▶ _Input for this task_
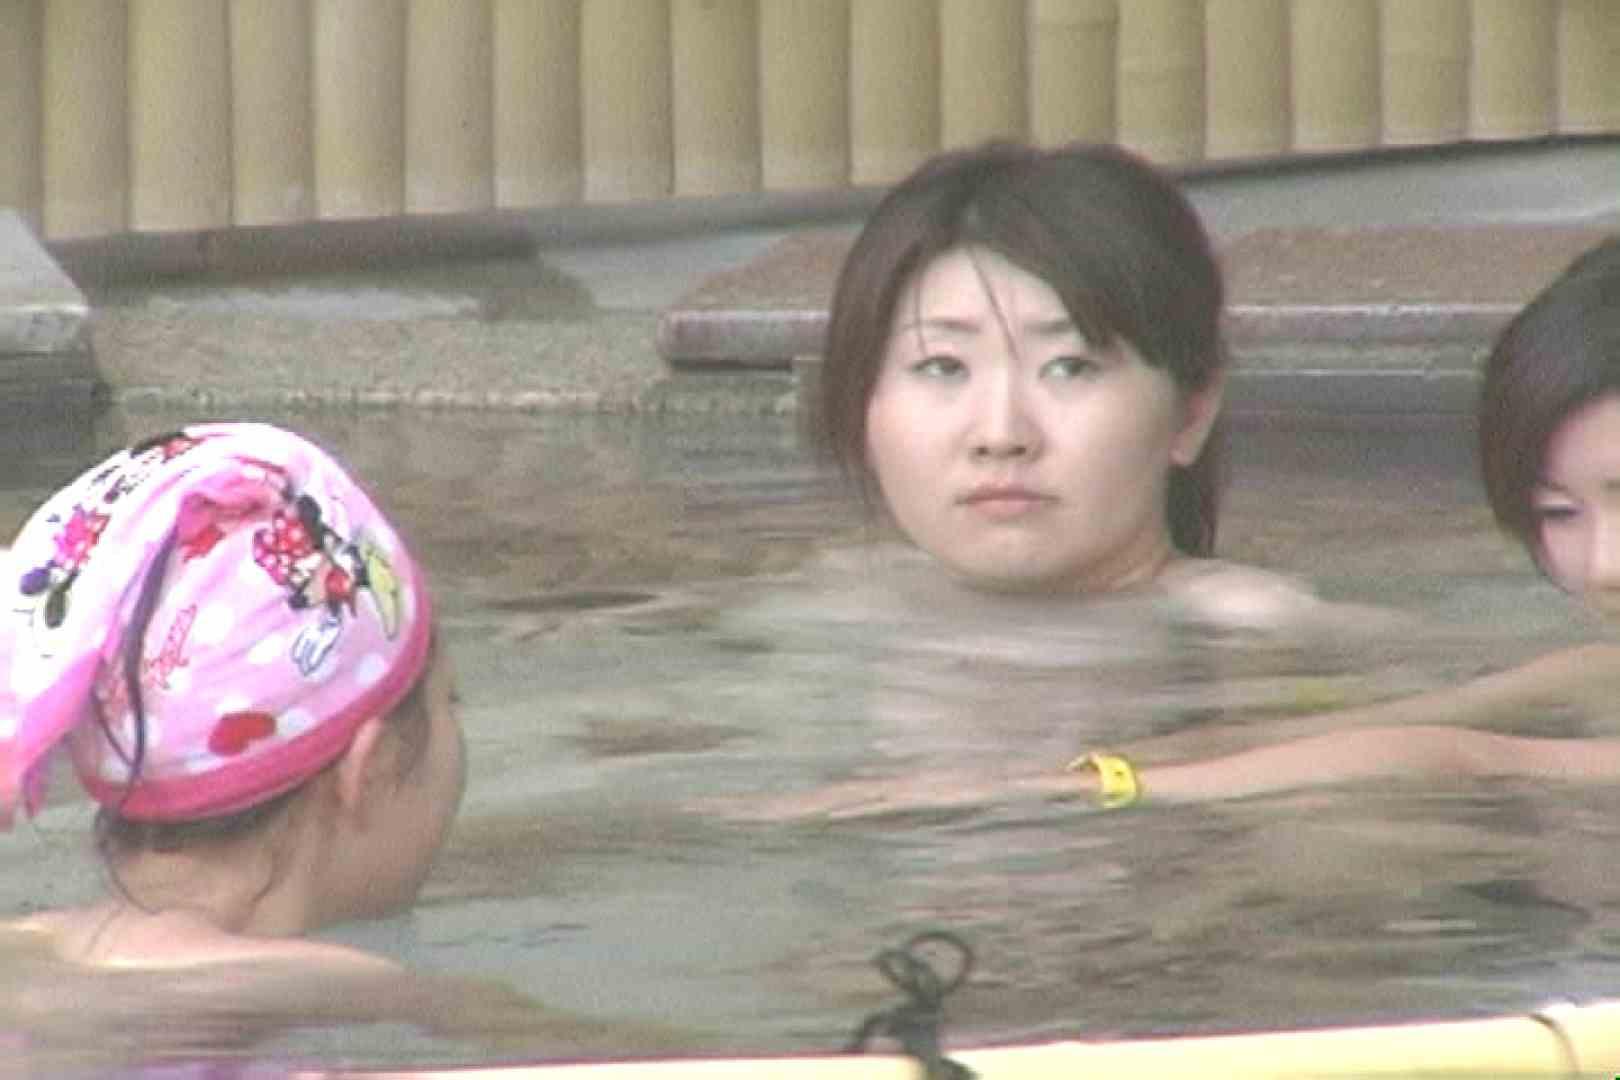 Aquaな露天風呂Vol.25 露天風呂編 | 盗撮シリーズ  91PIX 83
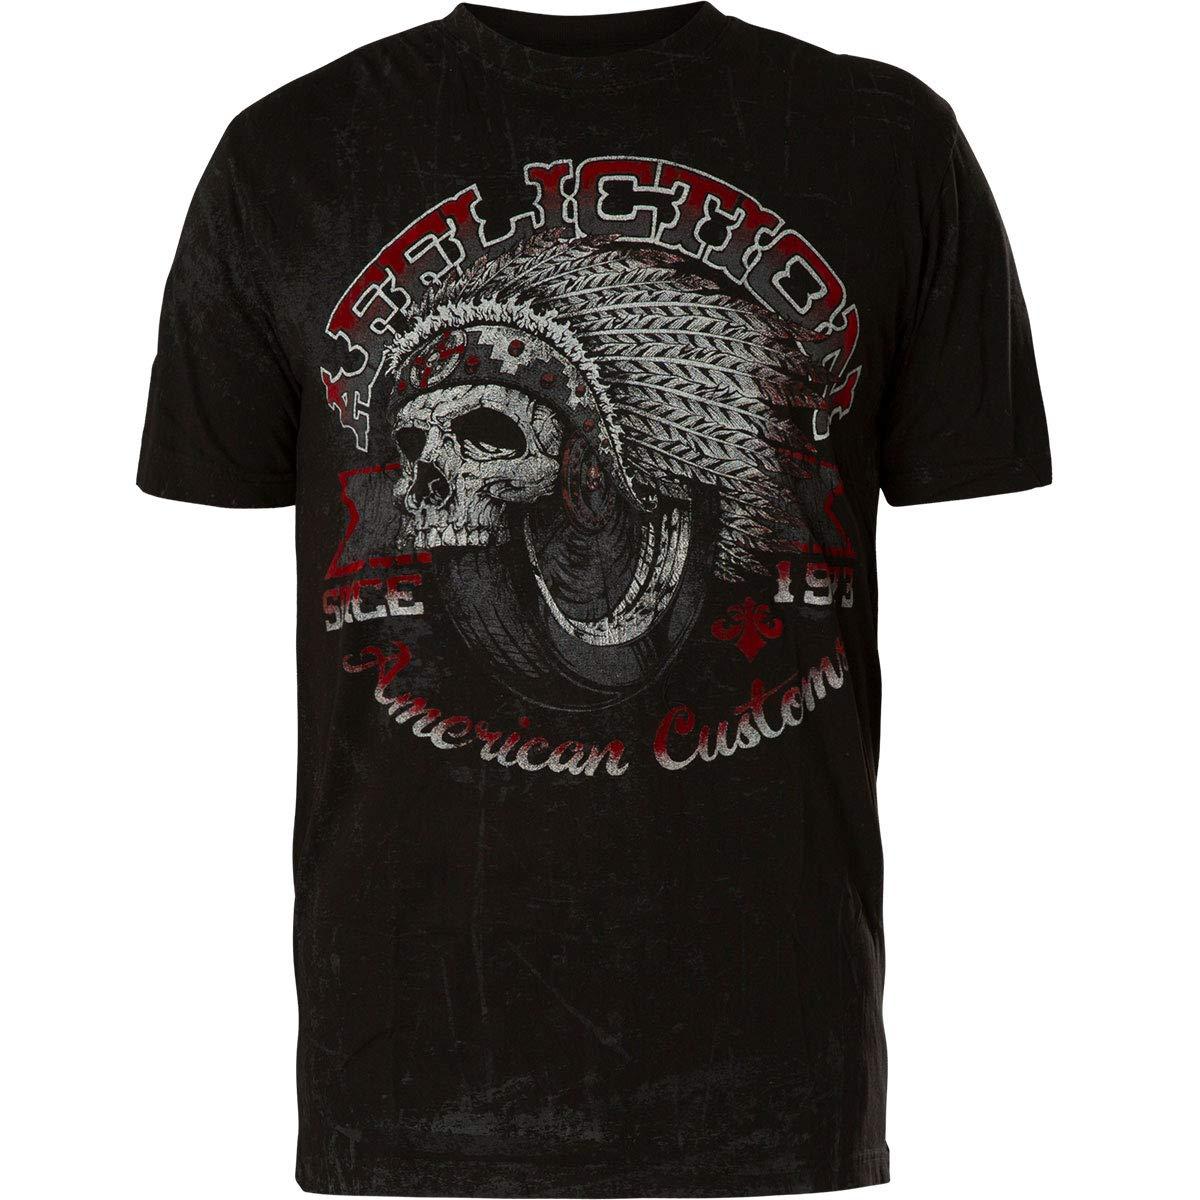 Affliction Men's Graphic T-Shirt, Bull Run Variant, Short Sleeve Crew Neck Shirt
...
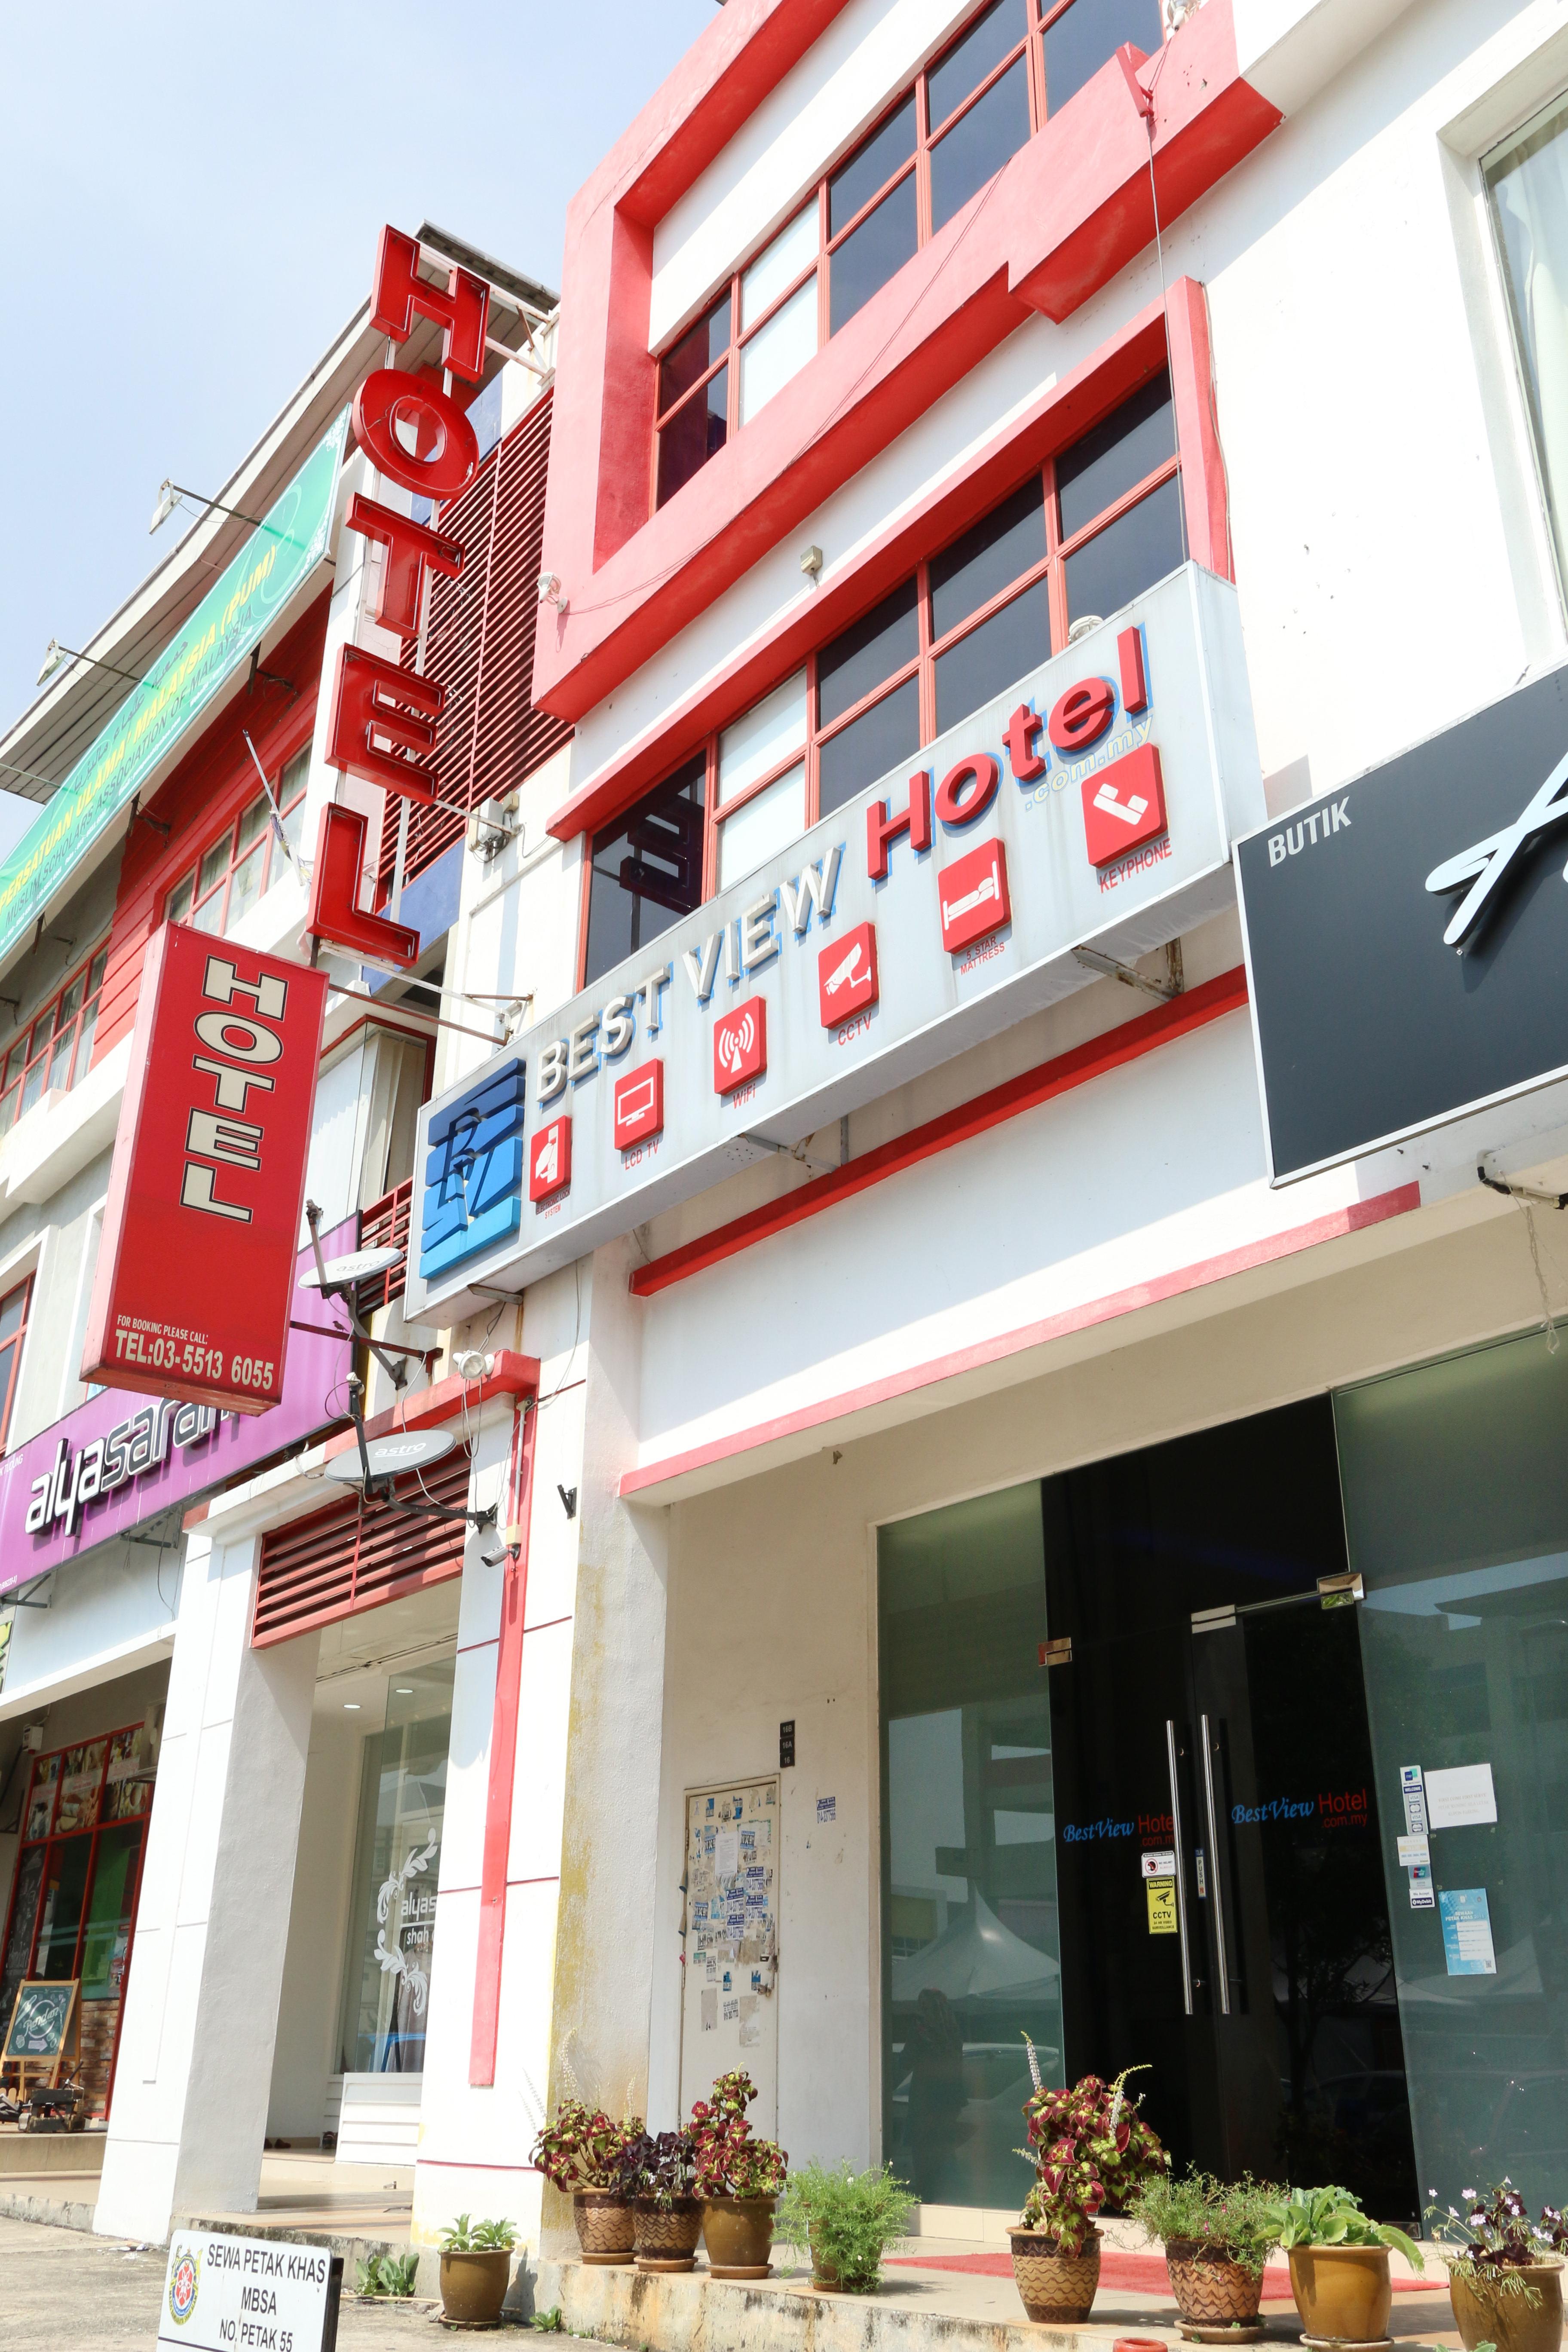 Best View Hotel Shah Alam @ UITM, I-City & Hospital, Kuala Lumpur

▶ _Work instructions_
Using the entries above, repeat exactly the lines from the one with "Aquaな露天風呂Vol.25 露天風呂編 |" to the one with "Affliction Men's Graphic", both included, and leave the pictures behind.

▶ _Exercise answer_
 Aquaな露天風呂Vol.25 露天風呂編 | 盗撮シリーズ  91PIX 83
 Affliction Men's Graphic T-Shirt, Bull Run Variant, Short Sleeve Crew Neck Shirt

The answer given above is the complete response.